Cartas Lisboetas te saúda

Bom dia, boa tarde e boa noite.
Sejam bem-vindos ao meu blog, ele foi criado partindo da ideia de uma amiga sobre a minha escrita.
Tentarei postar alguns momentos descritos por mim como uma carioca que resolveu há 9 anos viver em Lisboa.
Espero não decepciona-los, um abraço e sejam bem-vindos a minha pequena morada.
Lilia Trajano

sábado, 3 de dezembro de 2011

Rocinha, no princípio, era o verbo! Hoje faz-se luz!

16/11/2011

Rocinha, no princípio, era o verbo! Hoje faz-se luz!

Começo com um trecho do poema de Cecília de Meireles:
“Sou poeta.
Irmão das coisas fugidias, não sinto gozo nem tormento.
Atravesso noites e dias no vento.”

Nasci na favela da Rocinha, tenho 46 anos, e há 9 anos vivo em Lisboa.

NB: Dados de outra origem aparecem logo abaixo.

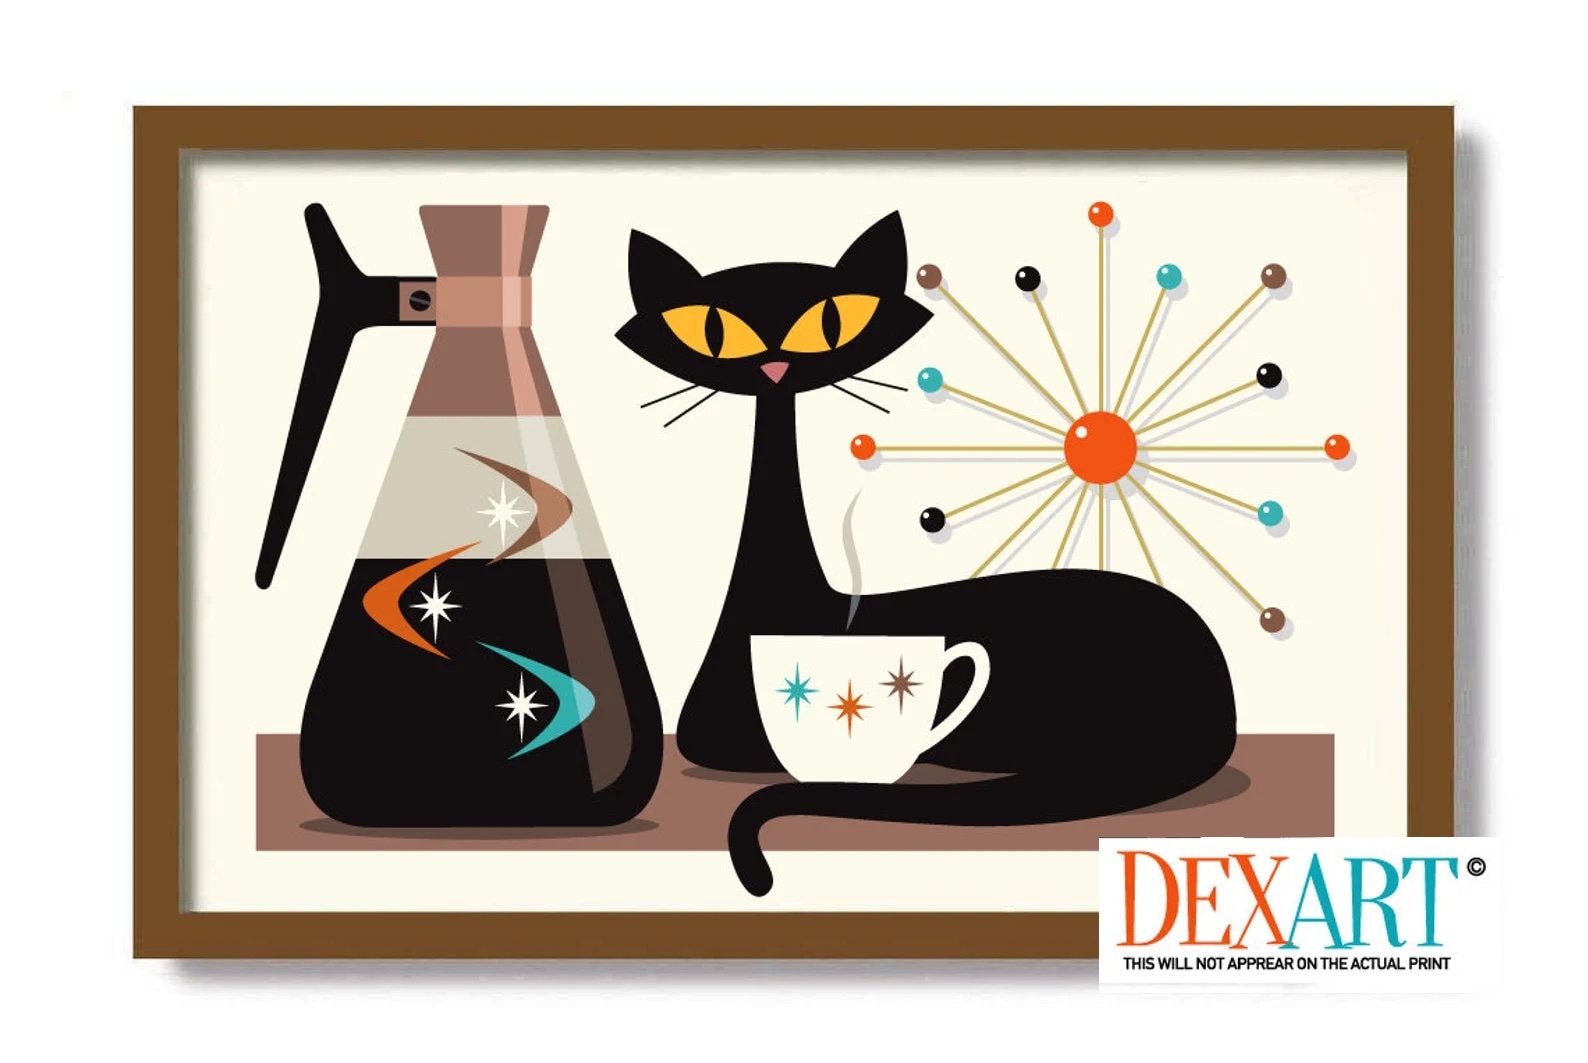 Black grumpy coffee drinking cat Mixed Media by Norman W - Fine Art America

Por de trás da casa onde nasci e me criei ficava o clube SOREG, depois transformada em garagem da TAU, para hoje ser prédios de habitação. Nós ali íamos eu e meus irmãos passear no fim da tarde com minha tia, meu pai, minha mãe ou tirar uma fotografia de família. Era um lugar lindo, com animais que hoje estão em extinção, onde havia grandes árvores com seus frutos doces e que podíamos comer sem correr risco. Tínhamos uma área verde e grande para brincarmos.

Na minha infância início da minha adolescência éramos um grupo bastante numeroso de amigos e unidos para tudo: Beto, André, Ana, Adriana, Laia, Adilson, Katia, Murilo, Sonia, as gémeas: Deise e Denise, Nilcéia: a menina especial do grupo, o seu irmão Eduardo,  e os irmãos Wilson e Serginho, o Edmilson – o Mancha -, alguns foram embora, outros foram chegando e a gente ali, na nossa inocência brincando de muita coisa boa, até a tarde cair e a gente ter que ir para dentro de casa. A fundação não era cercada com muros e podíamos chegar do outro lado da rua 4 brincando.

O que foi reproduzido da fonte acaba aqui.